Saudi Arabia and Iran trade cyber-attacks
LONDON - The cold war between Saudi Arabia and Iran is heating up in cyberspace with the countries exchanging a number of computer-based attacks in recent weeks.
A group of websites affiliated with the Iranian Foreign Ministry were hit with a major cyber-attack recently and Tehran quickly blamed Riyadh. According to Iranian authorities, more than 50 Foreign Ministry websites were compromised in a series of hacks between May 24th and June 1st by activists who called themselves Team Bad Dream.
The hackers took down the websites and posted content that included a collage photo of Saudi kings.
One of Saudi Arabia’s most widely circulated daily newspapers, Al Watan, which is owned by members of the royal family, then had its website hacked, with its editor accusing Iran of being responsible.
Hackers remotely accessed the website of the newspaper, which is known for a liberal slant, and uploaded false reports and statements attributed to Crown Prince Mohammed bin Nayef bin Abdulaziz.
A statement issued by the newspaper said the publication’s website was hacked the morning of June 2nd by “hostile groups from outside the kingdom”, who “were able to control the website for a period of time and published fabricated news”, including a false statement attributed to the crown prince about Operation Decisive Storm in Yemen.
Al Watan Editor Othman al-Sini said in a television interview that the cyber-attacks uploaded fake news items that were sympathetic to Iran and the Houthi rebels, which are at war with an Arab coalition led by Saudi Arabia.
It is unclear whether the attacks were state-sponsored or the work of independent hacktivists.
Both Saudi Arabia and Iran have upgraded cyber-defence capabilities in recent years. Iran took such steps after a 2012 attack on its nuclear facilities, which Tehran blamed on the United States and Israel.

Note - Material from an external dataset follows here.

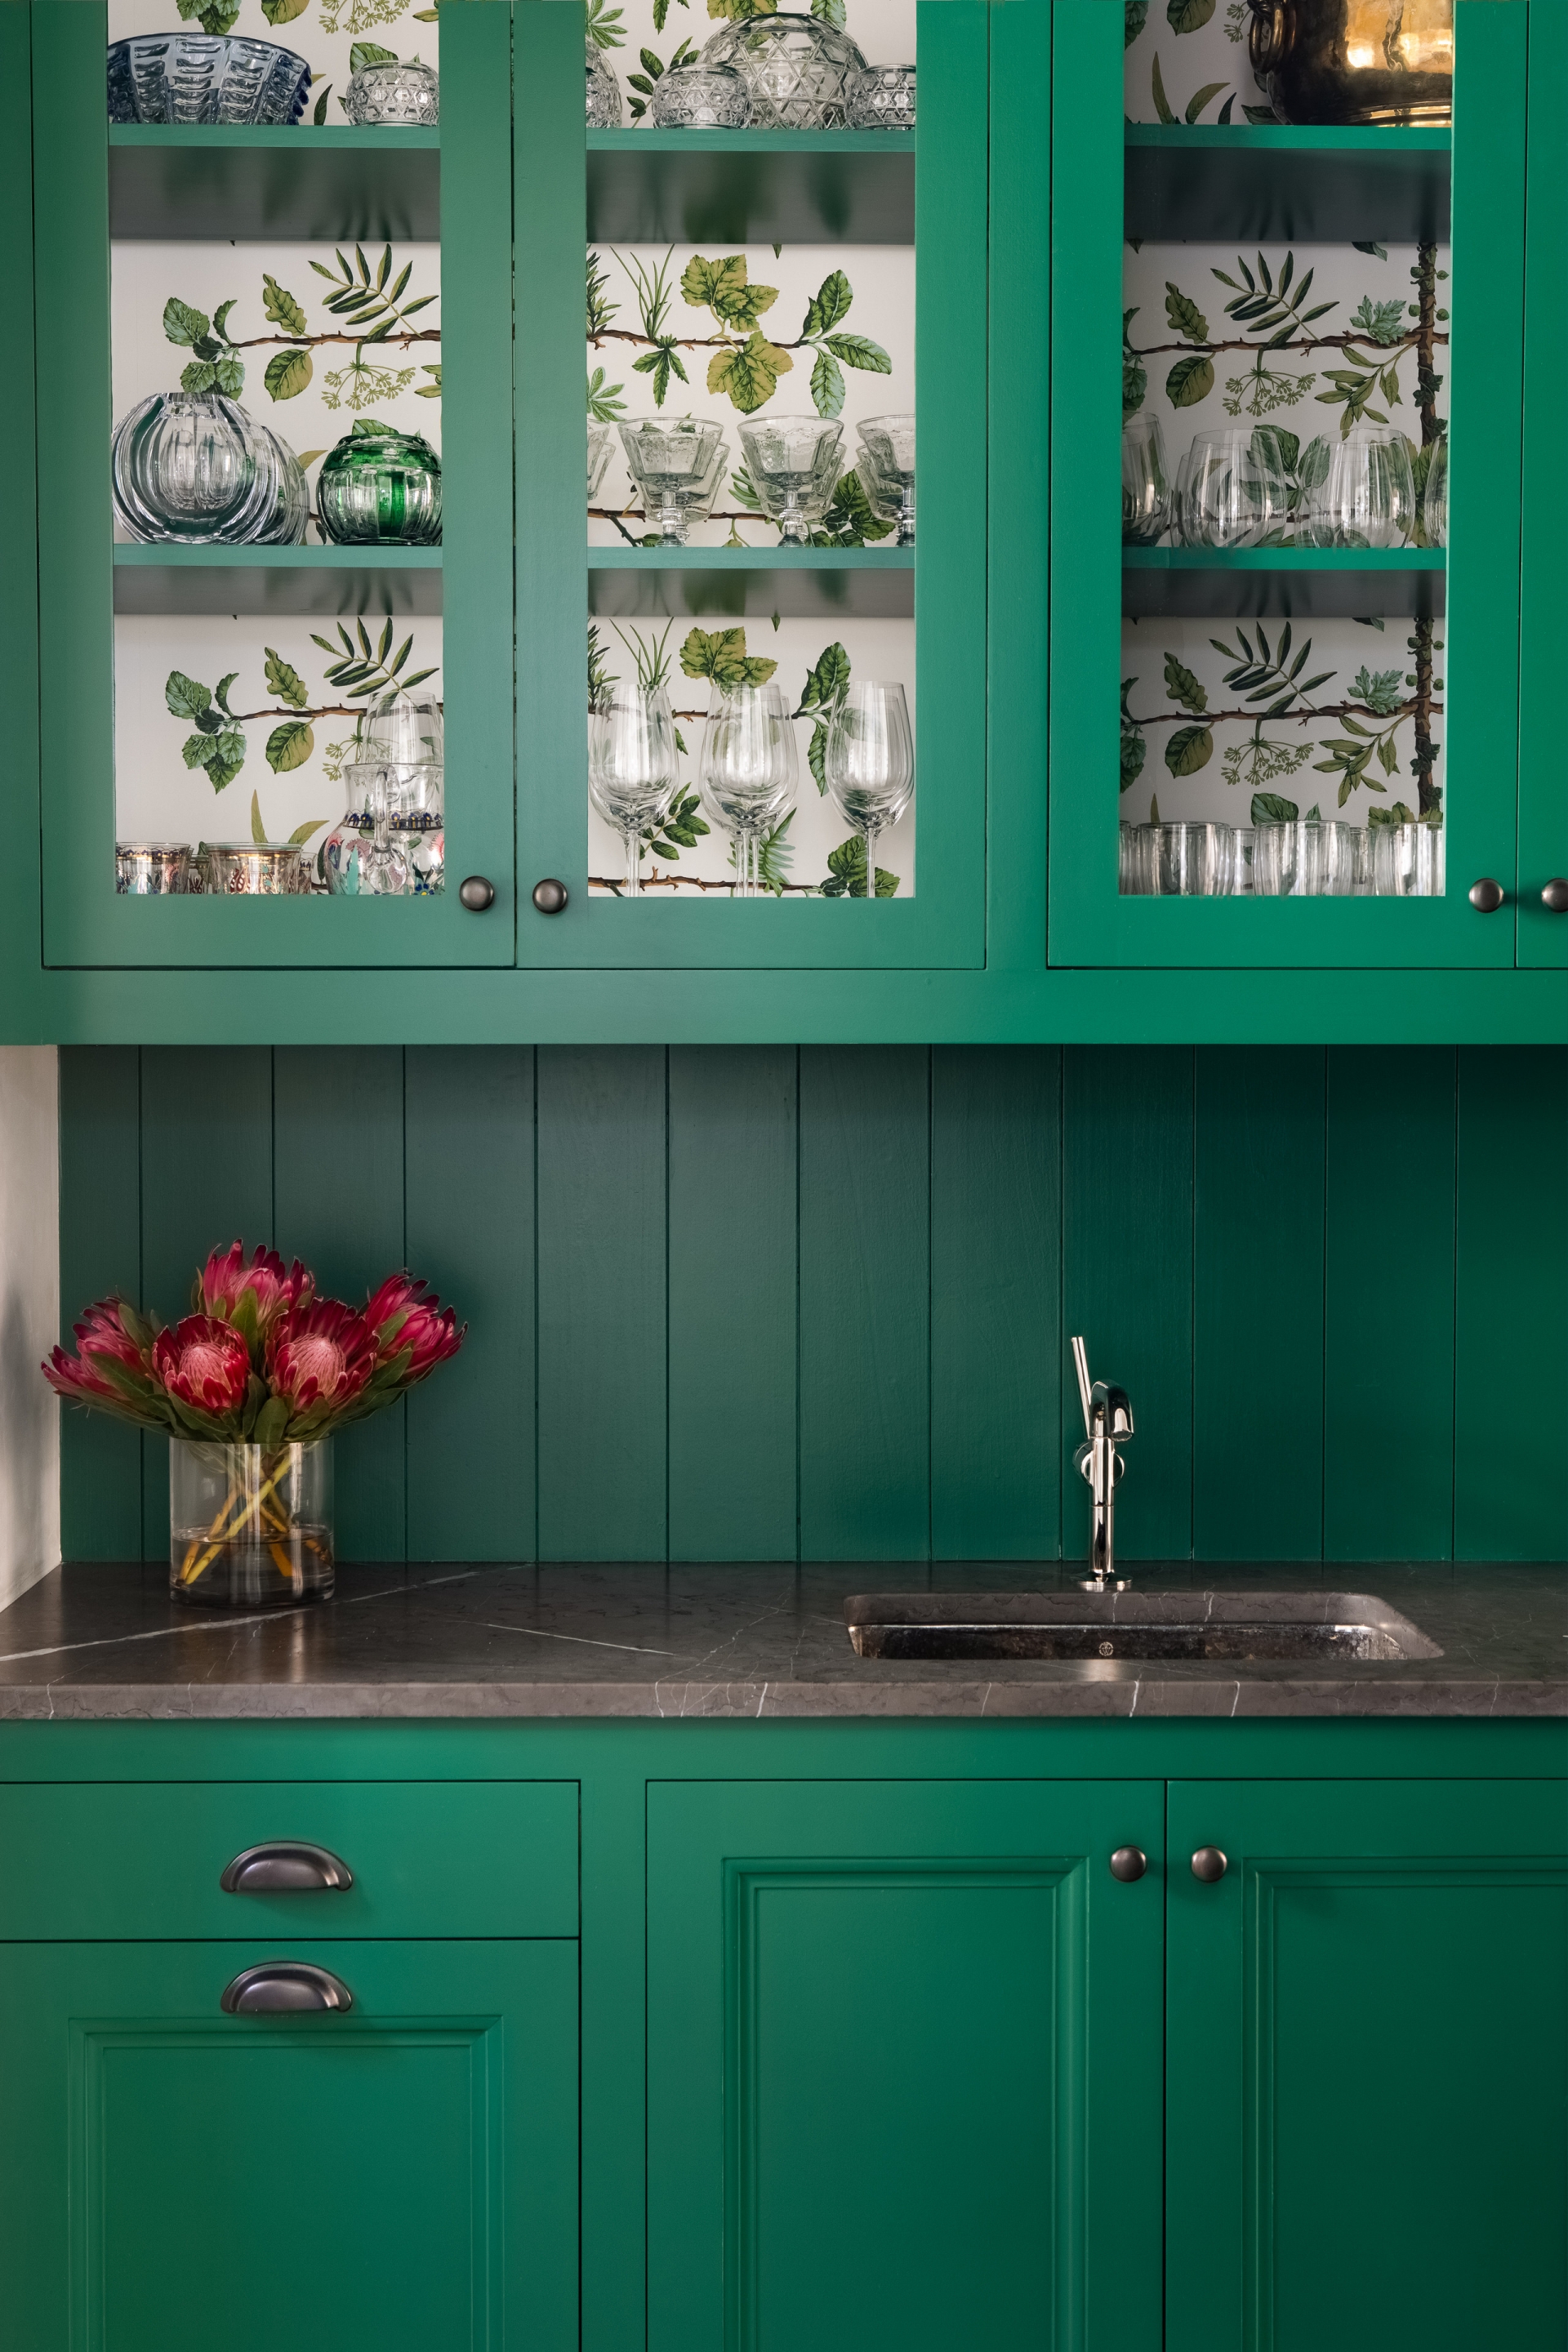 Nếu bạn muốn thay áo mới cho phòng bếp một cách nhanh chóng mà không tốn nhiều thời gian thì hãy sơn tủ bếp màu xanh ngọc lục bảo, đồng thời sử dụng giấy dán tường hoa lá xinh xinh lót phía trong tủ cửa kính như hình minh họa.

In March, the US State Department charged seven Iranians for allegedly compromising the computer systems of several banks in the period 2011-13.
The latest cyber-attack, allegedly by Iranian hackers, pales in comparison to previous cyber-sabotage actions.
In August 2012, Saudi Aramco, the world’s biggest oil and gas company, fell victim to a malware virus that infected 30,000 computers. The so-called Shamoon virus, which took Aramco ten days to eradicate, was planted by a politically motivated group calling itself the Cutting Sword of Justice, which US investigators say is tied to Iran.
Because of the growing regional threat that government-sponsored hackers, as well as cyber-terrorists, pose, estimates indicate that the Middle East cyber-security market will reach $9.56 billion in 2019. Iran, for example, has gone from low-level capabilities to almost the same standard of sophistication shown by China and Russia, analysts said.
“In terms of awareness, things are considerably better than they were two or three years ago,” said Mohamed al-Harbi, a 34-year-old Riyadh-based IT consultant, who counts a number of online publications as clients.
According to Harbi, the level of protection depends on what a particular entity has to lose. The financial and energy sectors can be described as being more secure than, for example, a newspaper website.
“Taking into consideration that we have not seen an attack on the level it was a couple of years ago is an indicator of better security procedures but that could change overnight as methods by cyber-armies are also evolving,” he said.
He stressed that the interception of text messages carrying personal codes and passwords has become popular in the Middle East, which gives hackers the ability to access personal information, including applications on smart phones.
The situation has escalated in recent years, leading Saudi Arabia to establish cyber-crime laws. According to Saudi statutes, if an individual or group knowingly accesses a government network without authorisation, particularly if the information accessed has national security implications, the act could lead to a $1.3 million fine and up to ten years in prison. It is the same penalty as for charges of supporting terrorism through the internet.